EXERCISE OBJECTIVE: Give back the listing in full and exactly, leaving out the images.
SOURCE DATA: Begin
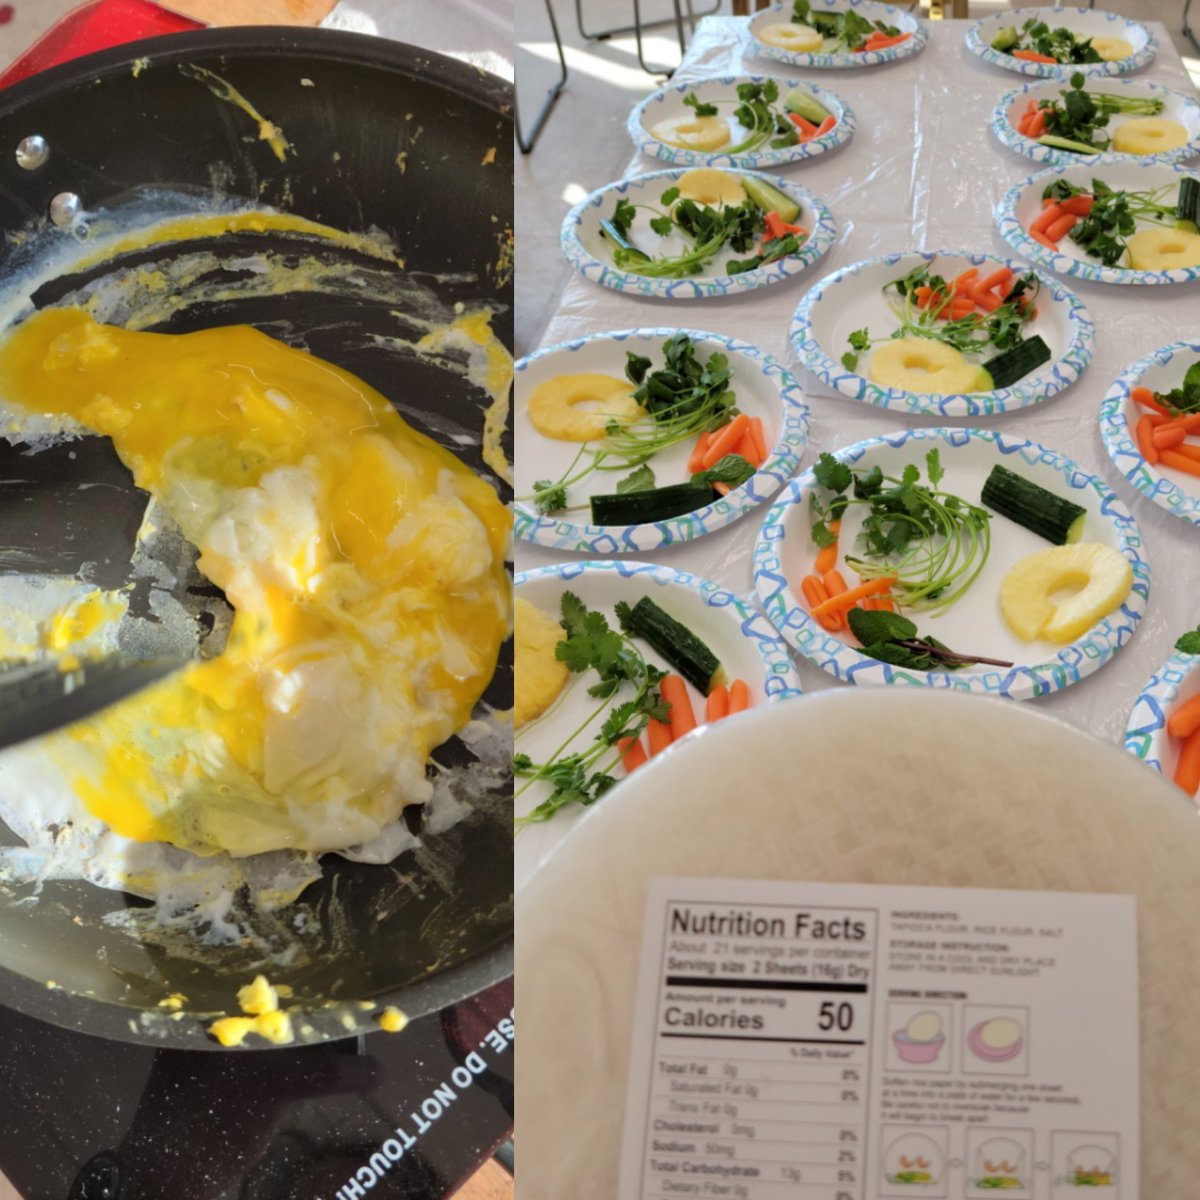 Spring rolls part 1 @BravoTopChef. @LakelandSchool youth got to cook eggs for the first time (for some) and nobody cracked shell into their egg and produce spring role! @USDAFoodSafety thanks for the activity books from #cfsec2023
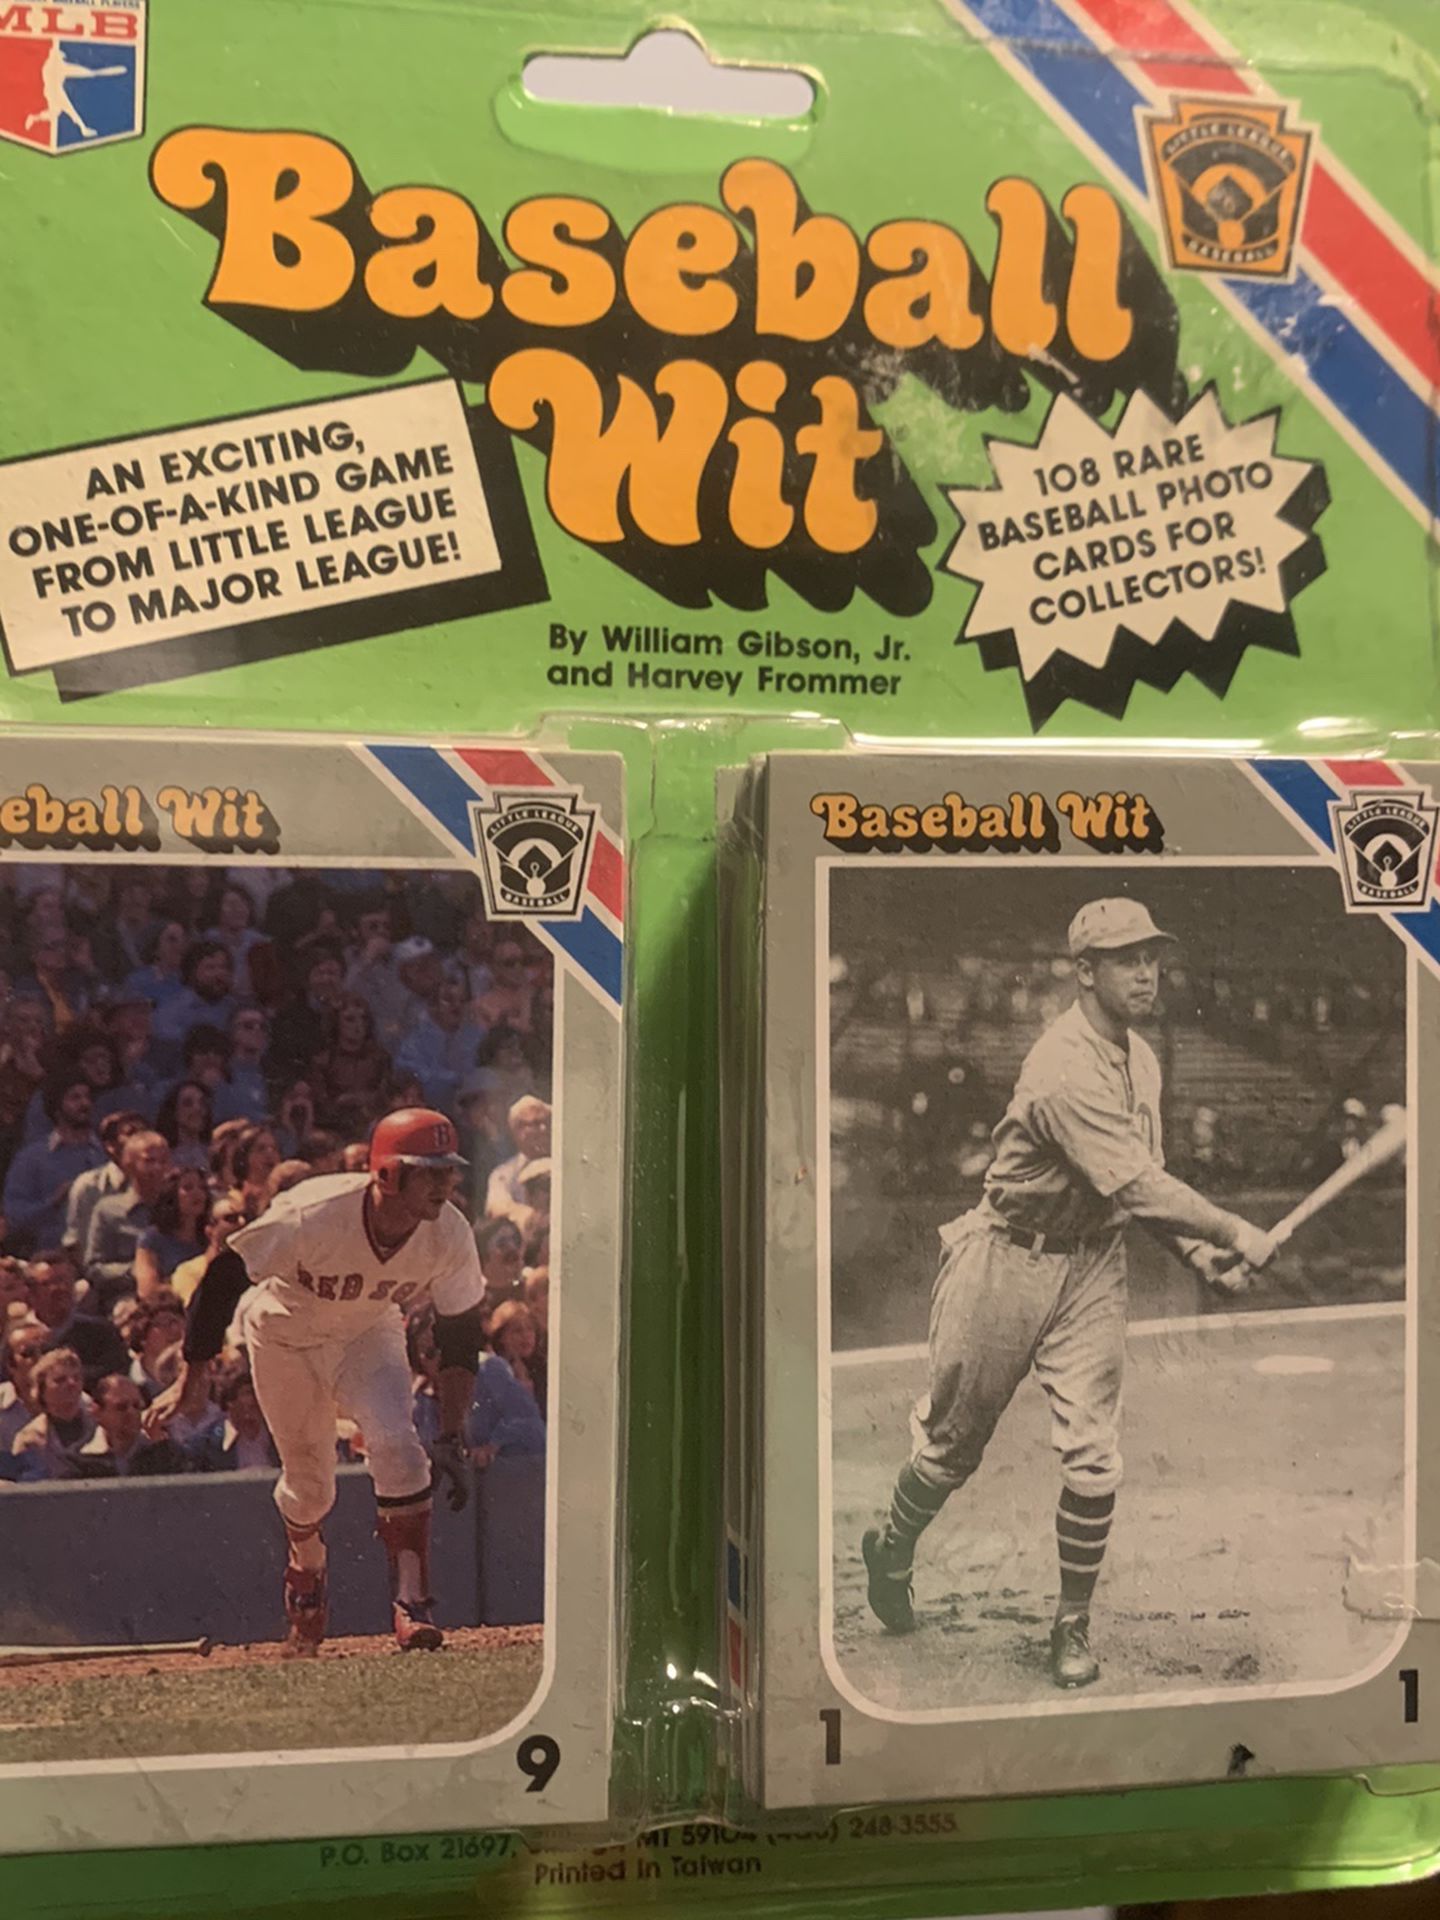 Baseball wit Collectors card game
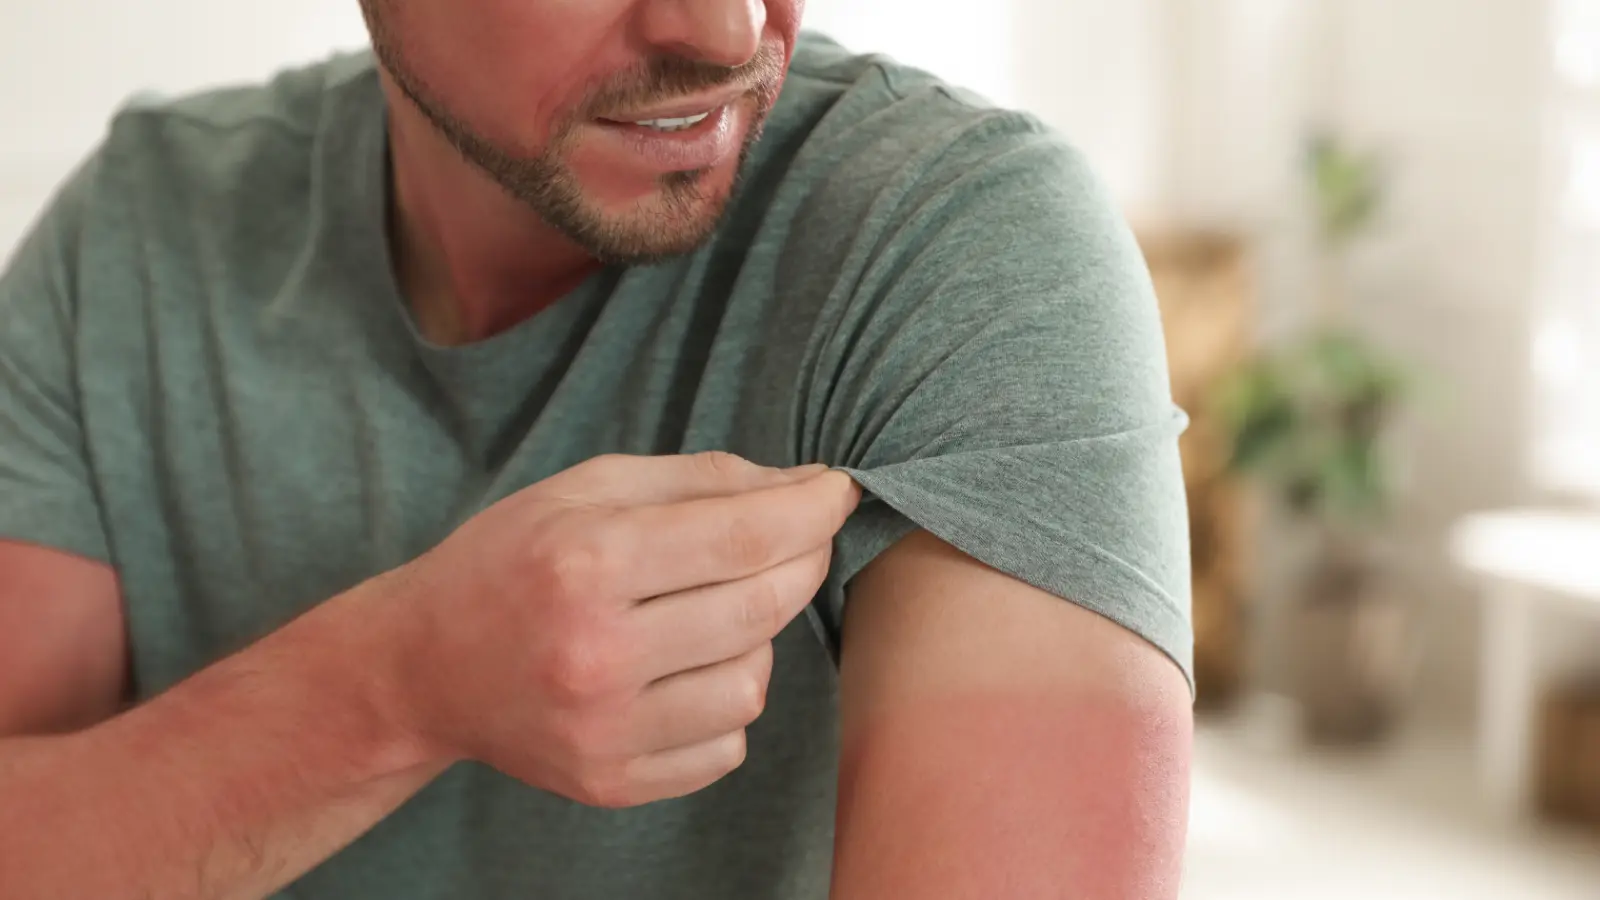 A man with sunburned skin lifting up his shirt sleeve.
SOURCE DATA: End
EXERCISE OUTPUT:
 Spring rolls part 1 @BravoTopChef. @LakelandSchool youth got to cook eggs for the first time (for some) and nobody cracked shell into their egg and produce spring role! @USDAFoodSafety thanks for the activity books from #cfsec2023
 Baseball wit Collectors card game
 A man with sunburned skin lifting up his shirt sleeve.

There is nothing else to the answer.